Wedding cost more than ever and paying the full cost per-head for children can be more than some couples can stomach. Adult only or limited children weddings are extraordinarily popular, but how on earth do you pull that off without offending your friends and family. Today, In my new monthly feature Etiquette Answers, I’m sharing a few tips to help make this choice a little easier to carry out.
1. Decide Early
Even before you select a venue try an make a ballpark guest count. This will not only be helpful when it come to narrowing down where the big day will take place but it will come in handy when making the yes or no to kids decision. As news of your engagement spreads well meaning folks wishing you congratulations are going to inquire about your wedding plans. It would be horrible to say or imply one thing about your guest list early on and then need to retract it later when you have made up your mind.

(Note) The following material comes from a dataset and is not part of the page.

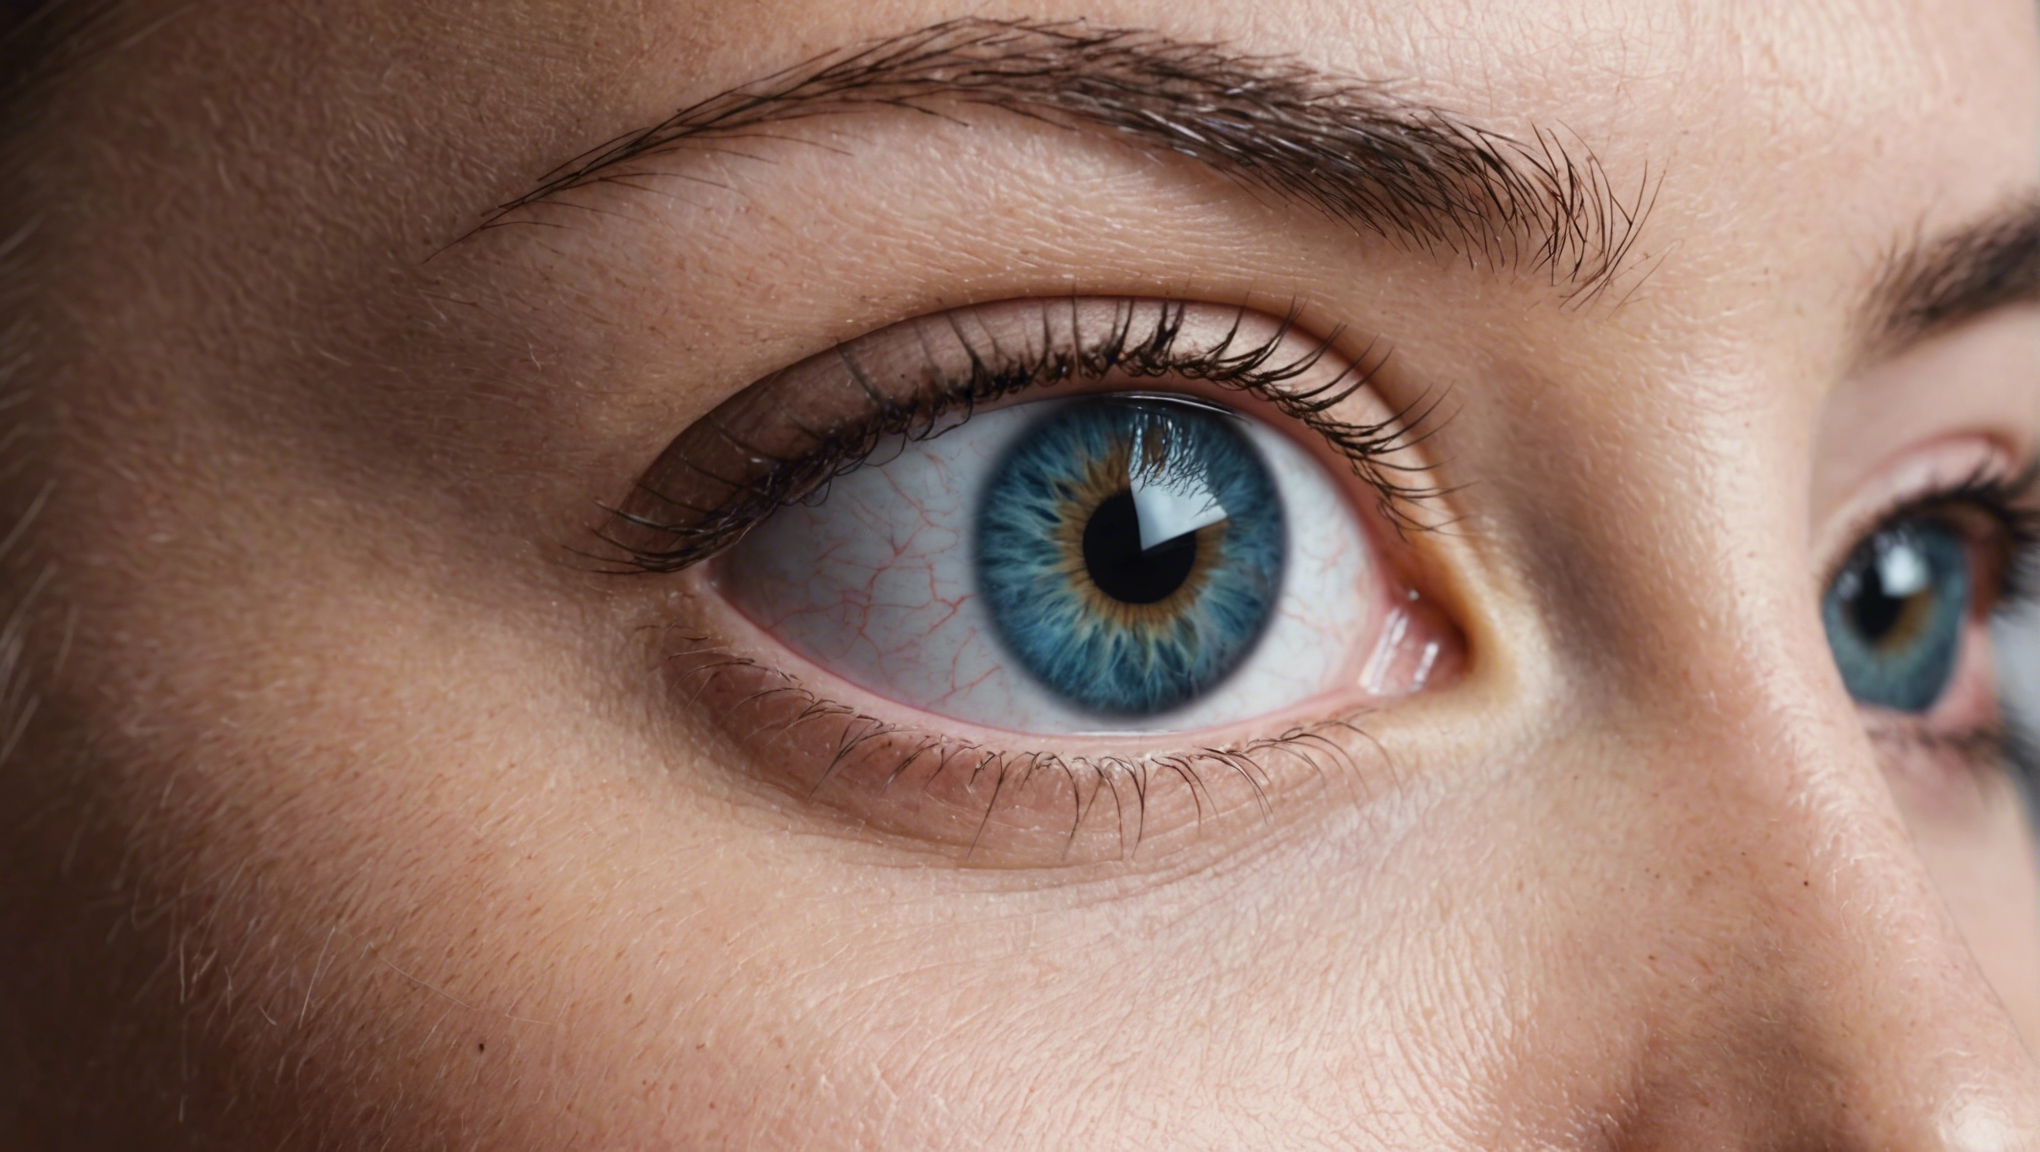 découvrez nos conseils pour des soins post-opératoires adaptés à la récupération de vos yeux après une intervention chirurgicale.

Try and make a call as to inviting children early on so that you are the one managing your guests expectations.
2. The Cut Off
Having a blanket rule in place can be the easiest way to deal with the kid cut off situation. No children under age 10 to be invited and so forth. Figure out what age range you are comfortable having at the wedding and make a delineation from there. Will children in the family be invited but not children of friends? Most folks are going to be pretty understanding of a teenager and above wedding or just children in family wedding. Decided what arrangement you are most comfortable with.
3. Children Who Are Participating
Are you planning on having a flower girl, ring bearer as part of your wedding ceremony? If so this can make cutting children from the list a bit stickier. Naturally any children who are participating in the wedding need to be invited to the reception as well. Be sure to keep the parents of those children in mind and also invite any siblings that they may have as well. Parents may opt to arrange for care for younger children, but any older siblings should certainly be on your guest list.
4. Invitation Wording
be very clear to whom the invitation is for. Don’t address an invitation to the ‘Smith Family” unless you intent every member of the household to be in attendance. Be clear to invite Mr & Mrs. Smith or Mr. & Mrs Smith and Kyle Smith if a child is invited.

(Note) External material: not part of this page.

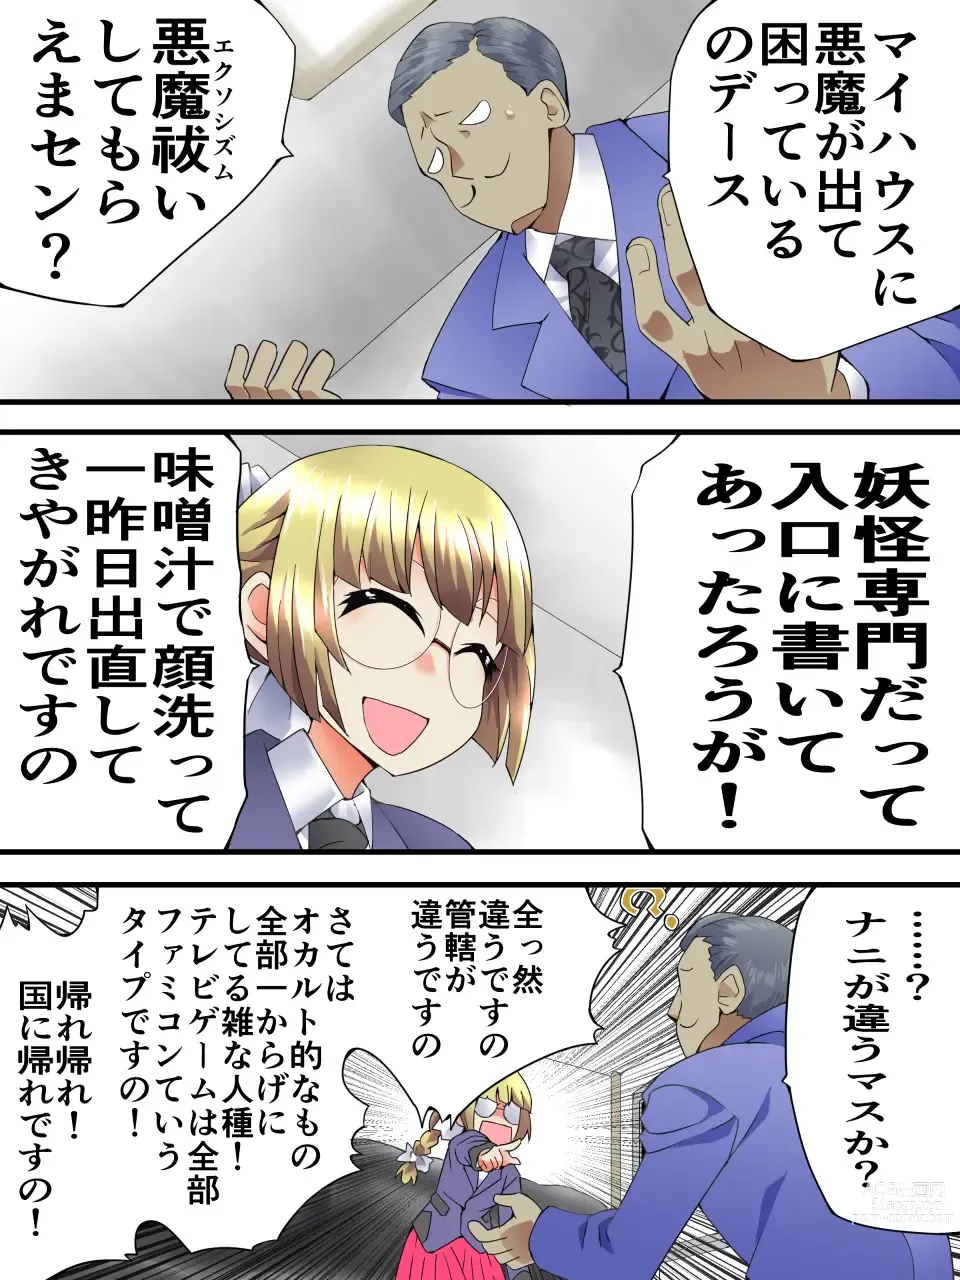 Page 4 of doujinshi Mysterious Detective Mito Kano Kagura Comes ~Detective vs Devil Worshiper~

5. Its Ok If They Can’t Come
If you are going to make the decision not to invite children you do need to be prepared for the consequence that some of your guests may not be able to attend. it may be a simple matter of traveling and needing child care or it could be for completely different reason, but know that you may get more NO’s if kids aren't going to make the cut.

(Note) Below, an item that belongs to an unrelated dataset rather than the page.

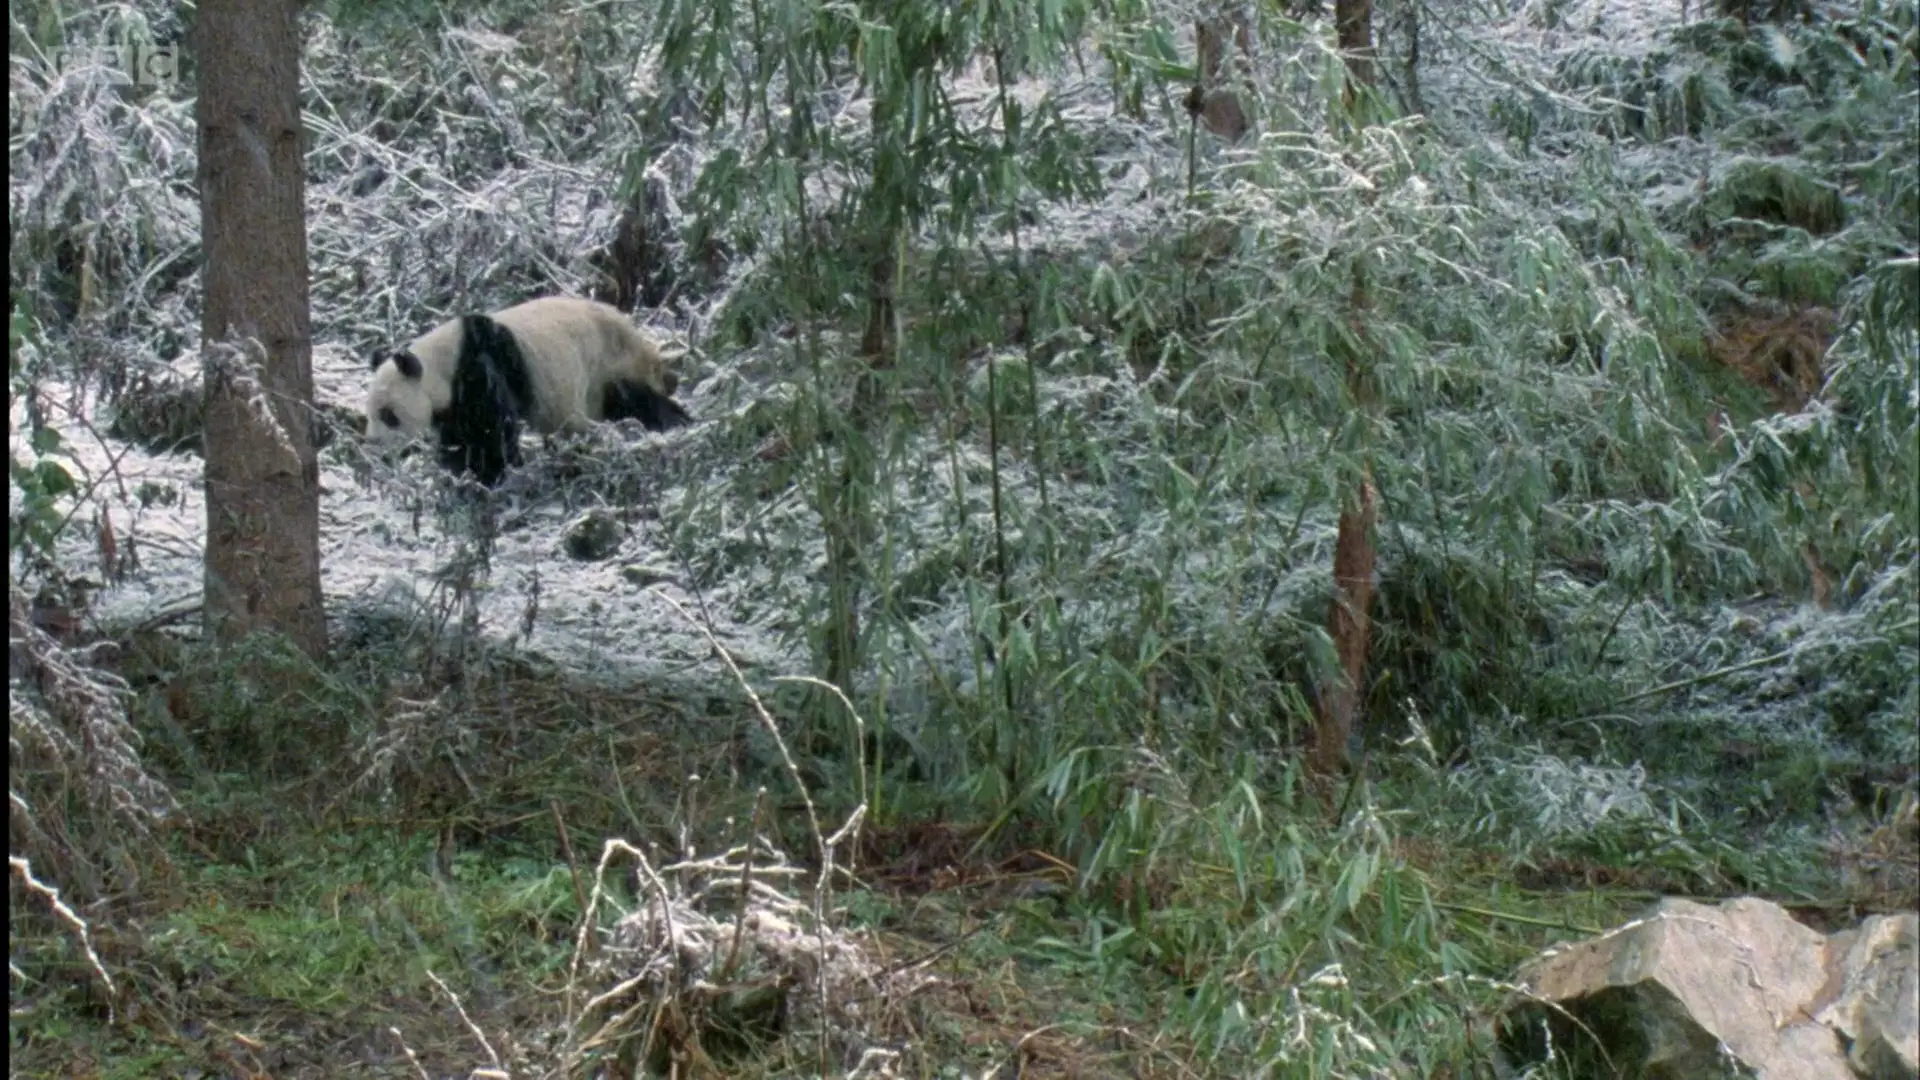 Qinling giant panda (Ailuropoda melanoleuca qinlingensis) as shown in Planet Earth - Mountains

In the end the decision to invite or not invite children is up to you and your sweetie. Be clear from the get go how you would like to handle this delicate situation and what course of action you will take to clear up any questions that may arise from it. Ultimately if you do choose to limit the number of children be prepared that some level of backlash or disappointment may follow. Be kind and speak to the guest with questions directly, don't leave this task to a third party.